4. Materials and Methods

4.1. Plant Material and RNA Extraction

The kenaf mutant cultivar “Jangdae” was planted in the experimental field at the Korea Atomic Energy Research Institute (KAERI, Jeongeup, Korea) in 2018. Young apical stem and leaves were collected, immediately frozen in liquid nitrogen, and ground into fine powder. Total RNA was extracted using a Hybrid-RTM kit (GeneAll Biotechnology Co., Seoul, Korea) according to the manufacturer’s protocol. The total RNA quality was assessed using an Agilent 2100 Biosystem (Agilent Technologies Inc., Santa Clara, CA, USA). RNA with a concentration of 1–10 μg and RNA integrity number (RIN) >8.0 was used for sequencing.

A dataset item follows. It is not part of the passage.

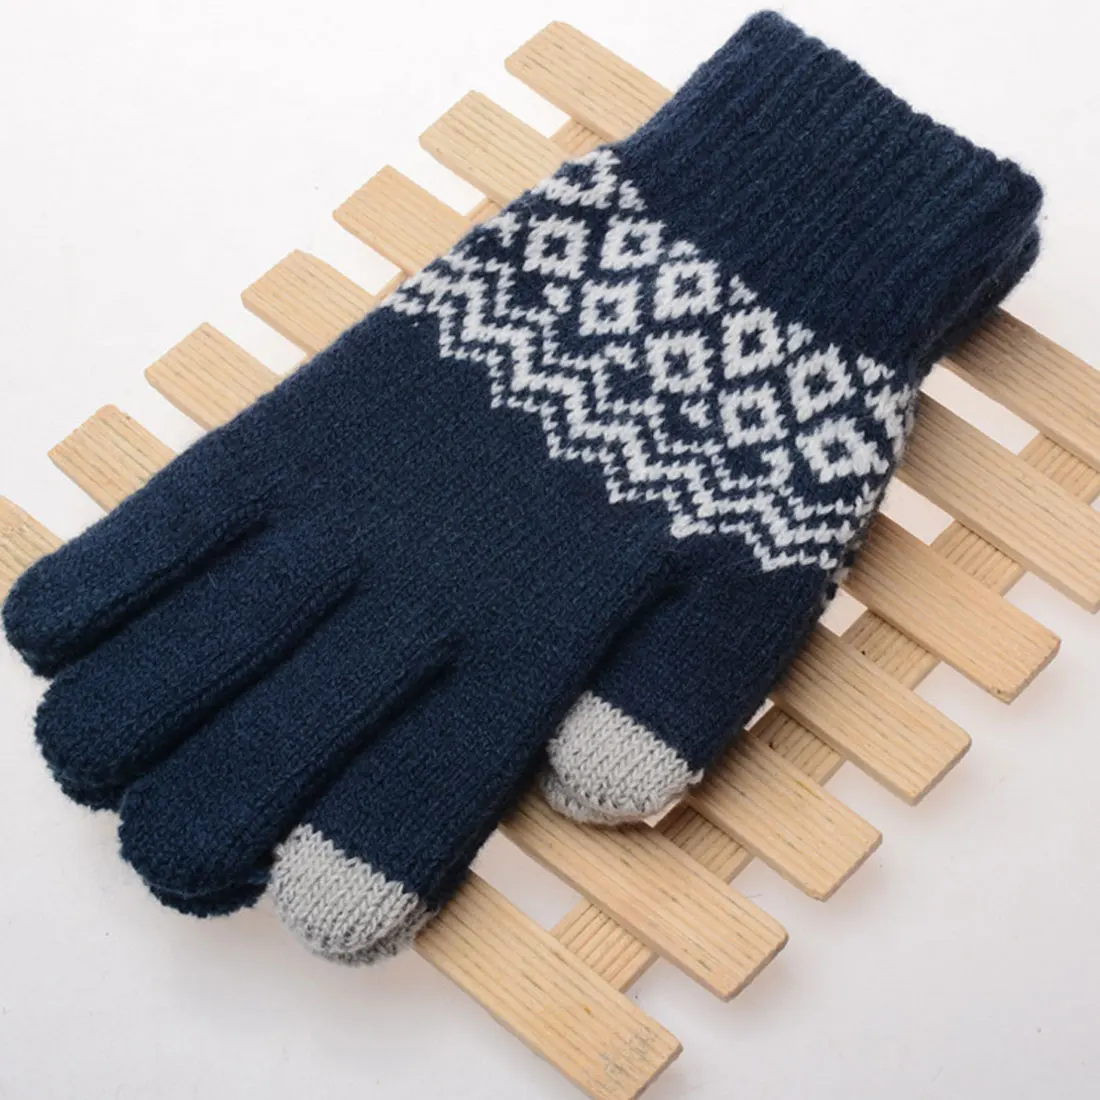 Топ продаж стрейч зимние вязаные перчатки для Для женщин Для мужчин квадратный варежки Применение смартфон Экран перчатки шерстяного трикотажа теплые Chirstmas подарок

4.2. PacBio SMRT Iso-Seq Sequencing and Data Analysis

Using a Clontech SMARTer PCR cDNA synthesis kit (Takara Bio USA; Inc., Mountain View, CA, USA), cDNA was synthesized from the extracted RNA, followed by size selection (1–6 kb) using a Bluepippin^TM system (Sage Science Inc., Beverly, MA, USA). A template library was prepared using a SMRTbell library kit for sequencing on the PacBio RS II platform (Pacific Biosciences, Palo Alto, CA, USA) at the National Instrumentation Center for Environmental Management (NICEM), Seoul National University, South Korea. Raw data were processed following the ToFU (transcript isoform full-length and unassembled) pipeline (GitHub, Pacific Biosciences of California, Inc., Menlo Park, CA, USA). Raw reads were characterized into full-length and non-full-length reads based on primer and poly (A) tail detection. The full-length reads were clustered to predict consensus isoforms, then reclustered with non-full-length reads using Quiver (included in ToFU pipeline) to generate high-quality polished consensus transcripts with an accuracy >99% [42]. Redundant sequences were removed, and orthologous genes were analyzed by clustering the final consensus transcripts using CD-HIT-EST in the CD-HIT package (v.4.6) with a threshold value of 0.99 identity (Li Lab at UCSD, La Jolla, CA, USA). The PacBio-seq raw reads can be accessed at NCBI with the following accession number: SRR8586247 (Sequence Read Archive number; https://www.ncbi.nlm.nih.gov/sra/).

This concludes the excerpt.